[WORK ORDER]
From top to bottom, return the listing exactly as it appears, omitting its images.
[PROVIDED MATERIAL Boundary: Start]
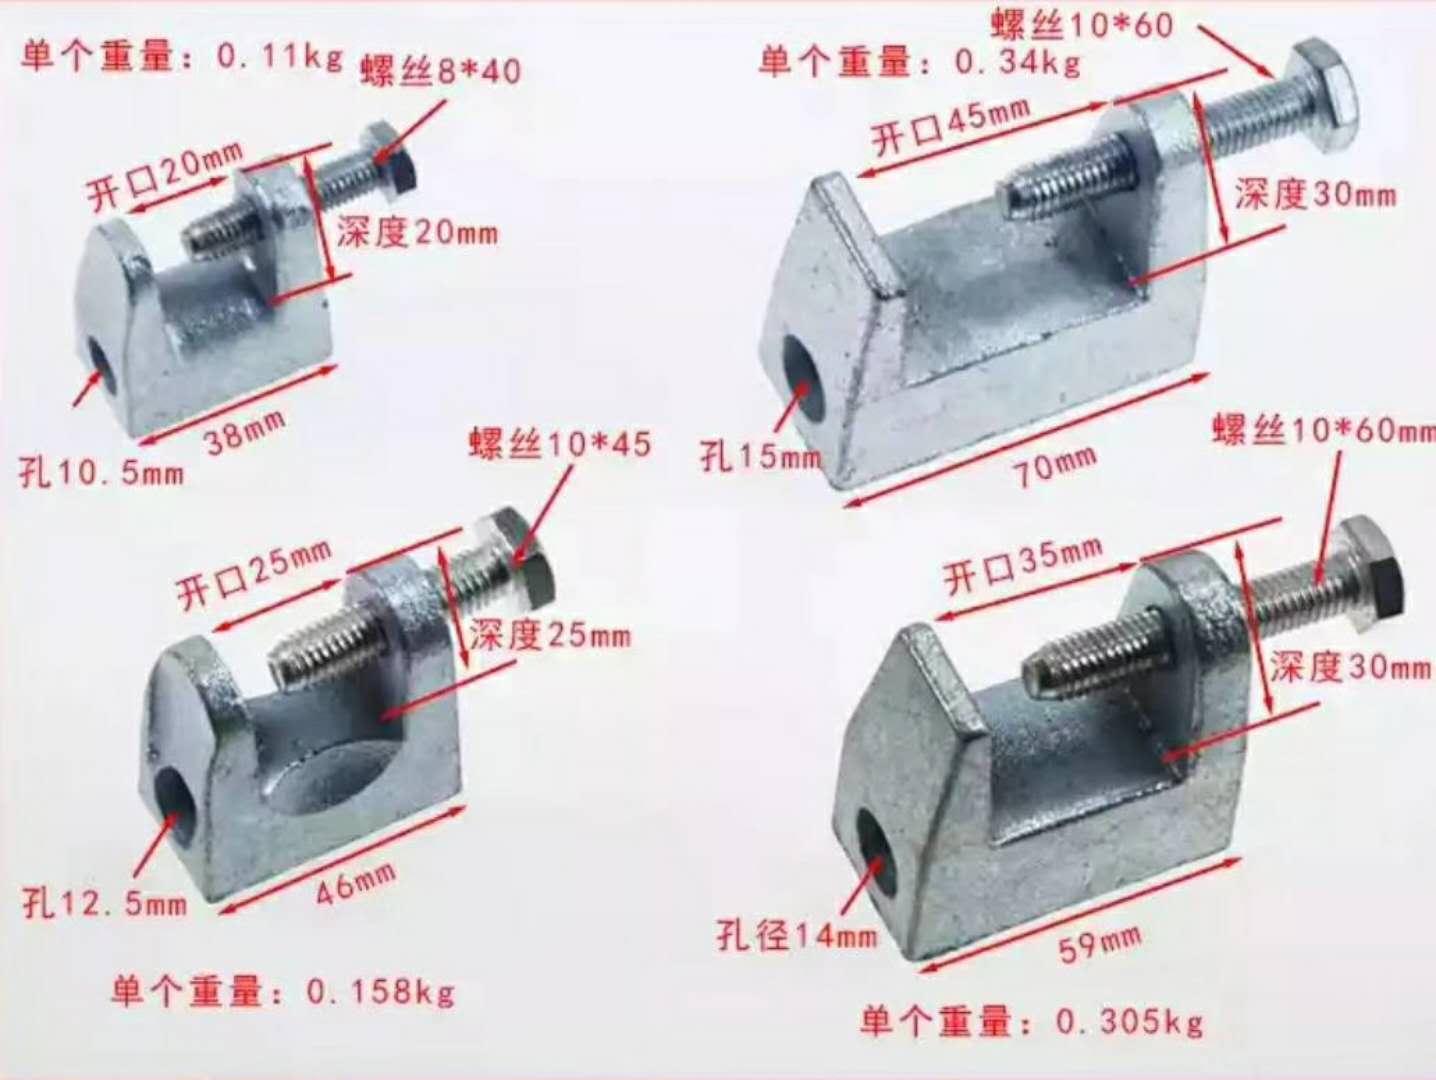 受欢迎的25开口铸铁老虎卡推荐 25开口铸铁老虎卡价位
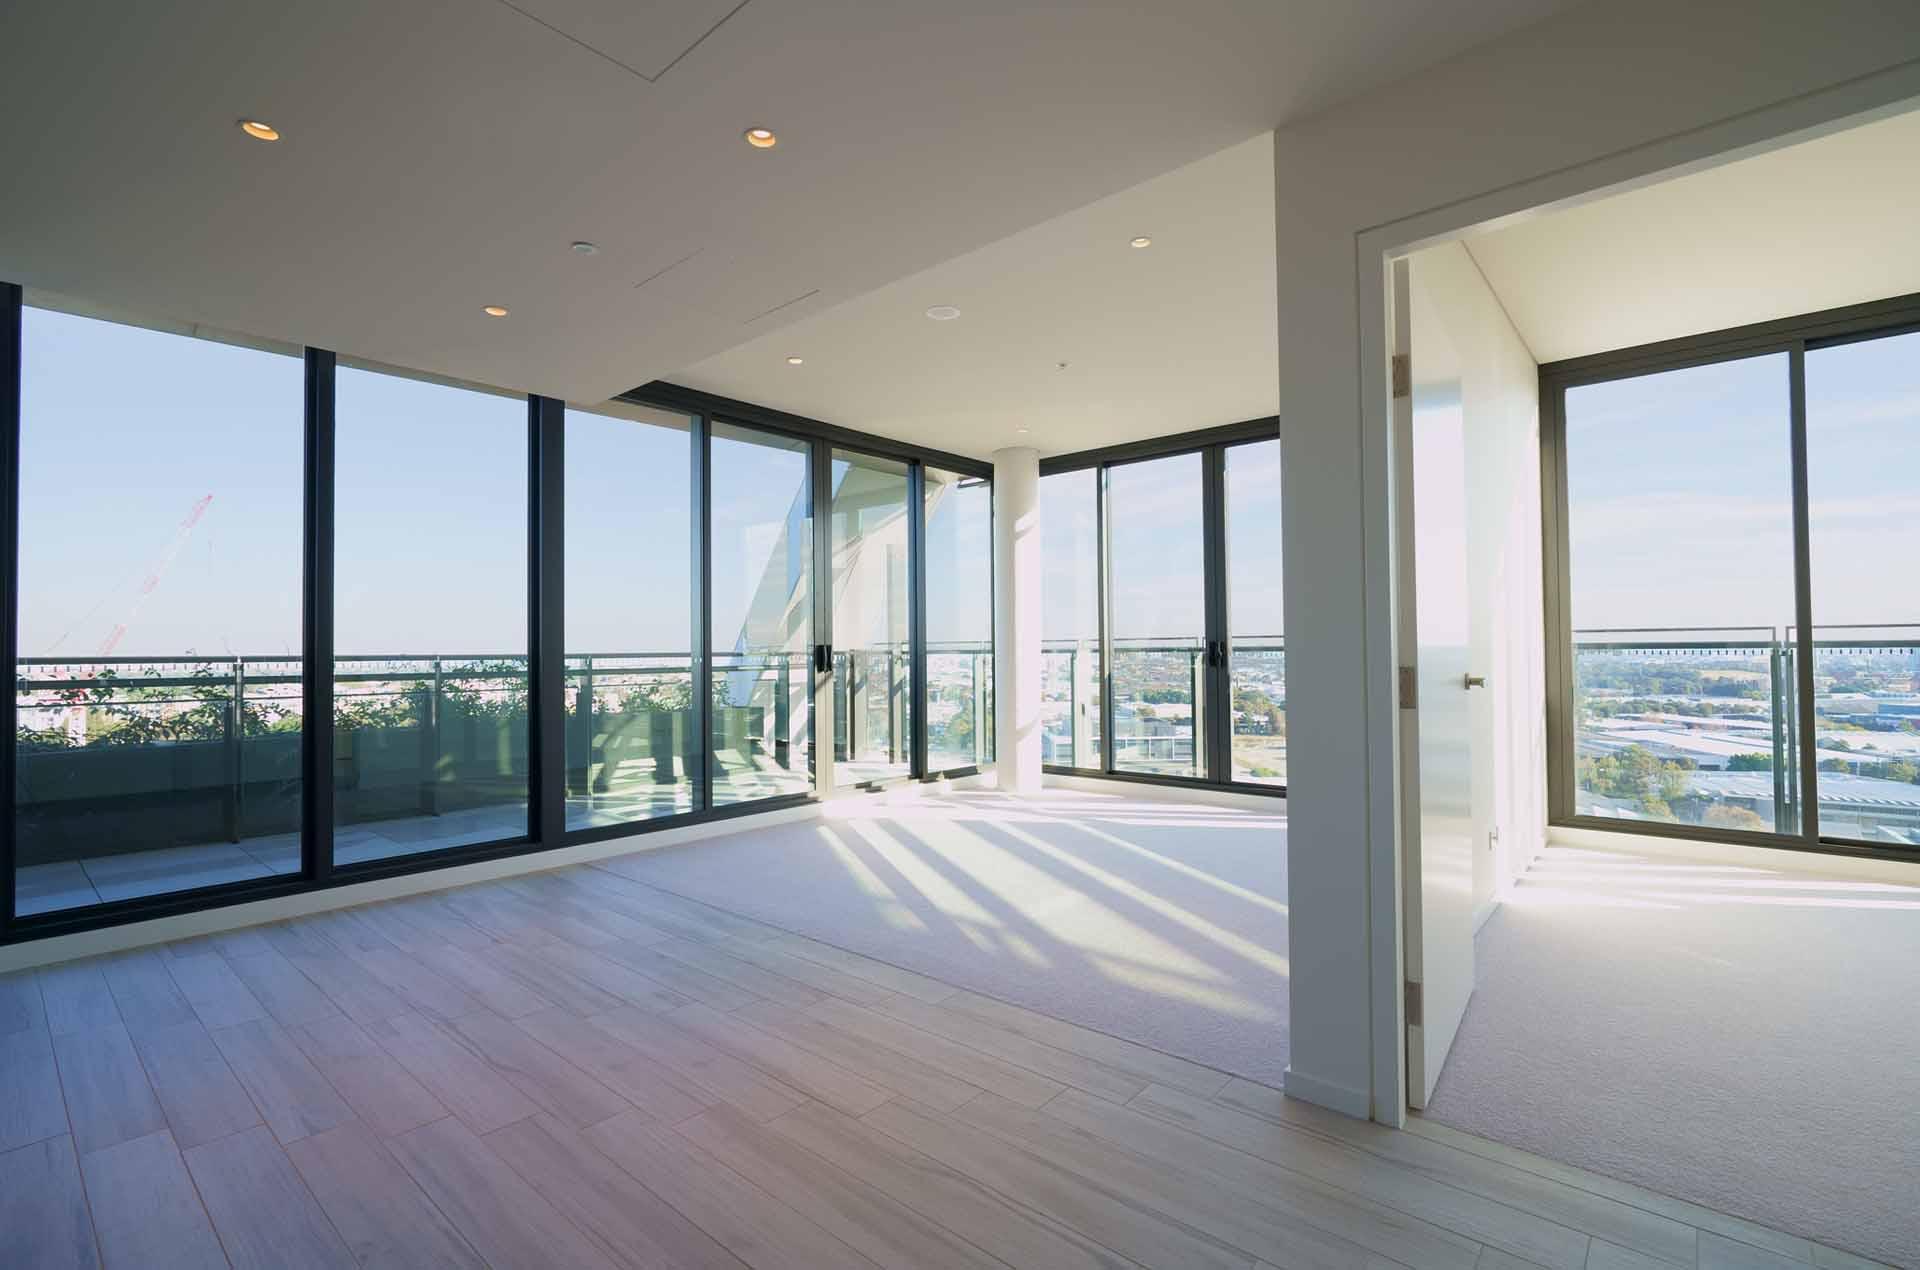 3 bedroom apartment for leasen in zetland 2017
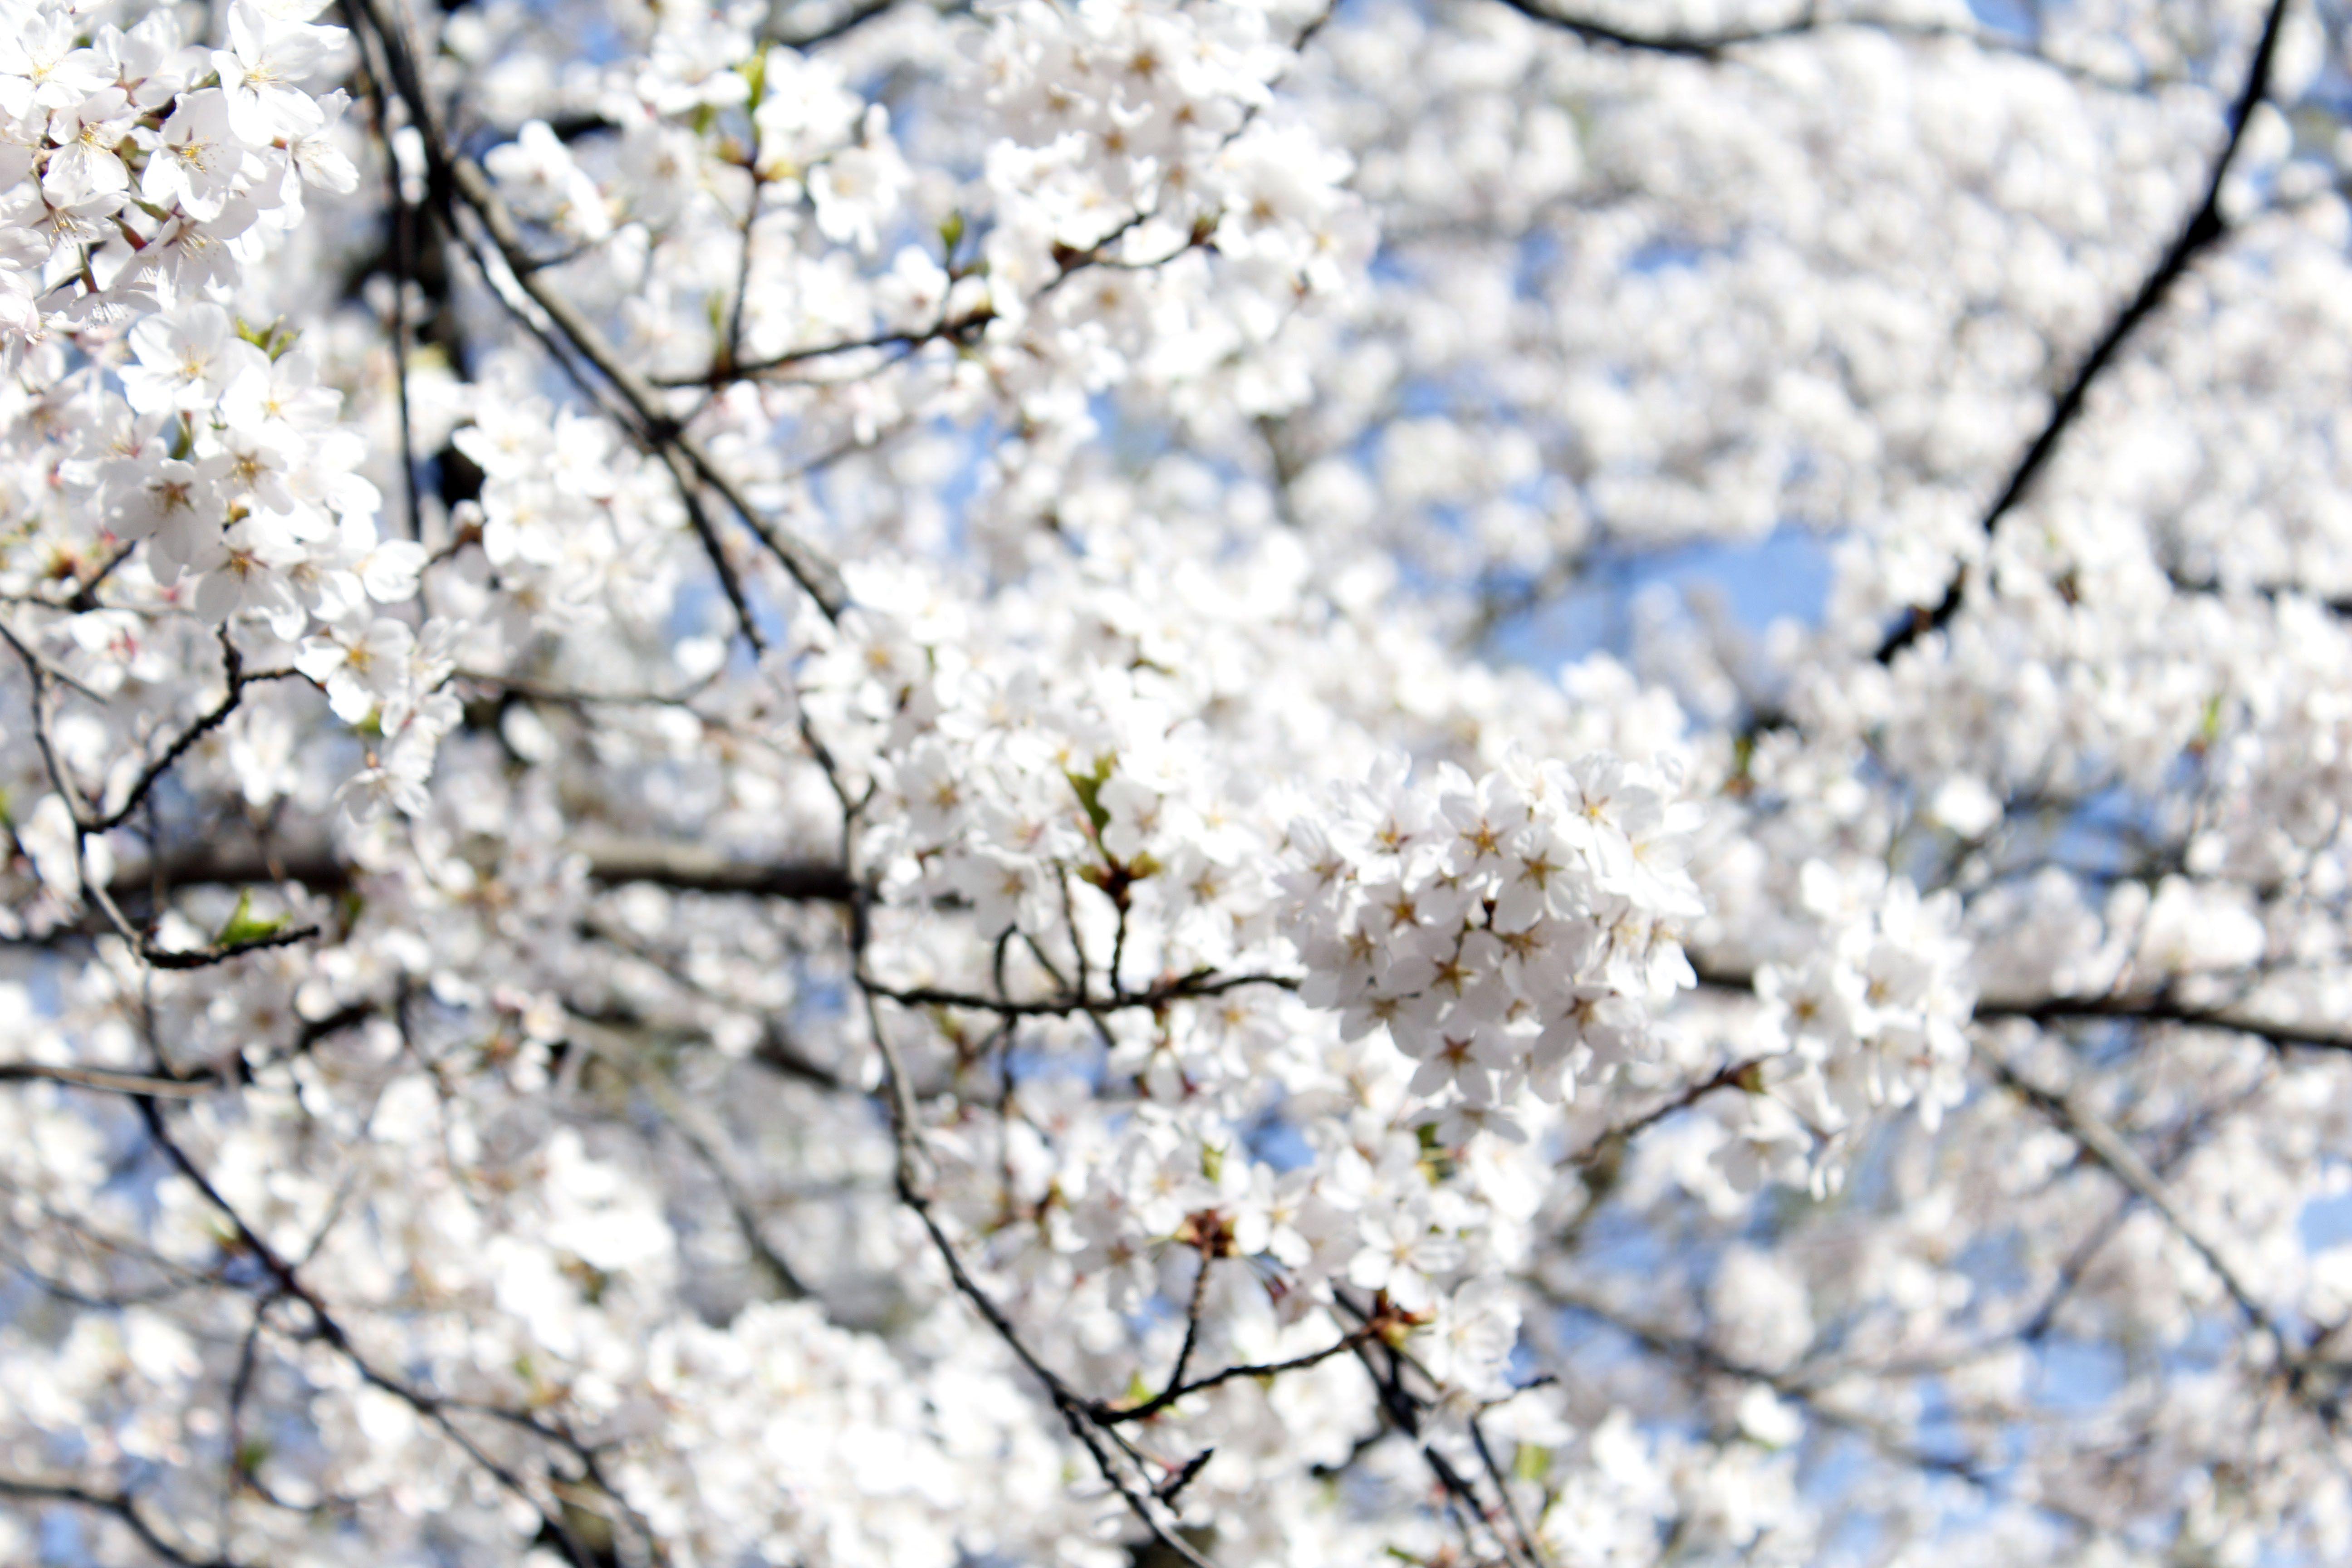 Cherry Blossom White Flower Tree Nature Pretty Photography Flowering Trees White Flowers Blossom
[PROVIDED MATERIAL Boundary: End]
[SOLUTION FOR THIS TASK]
 受欢迎的25开口铸铁老虎卡推荐 25开口铸铁老虎卡价位
 3 bedroom apartment for leasen in zetland 2017
 Cherry Blossom White Flower Tree Nature Pretty Photography Flowering Trees White Flowers Blossom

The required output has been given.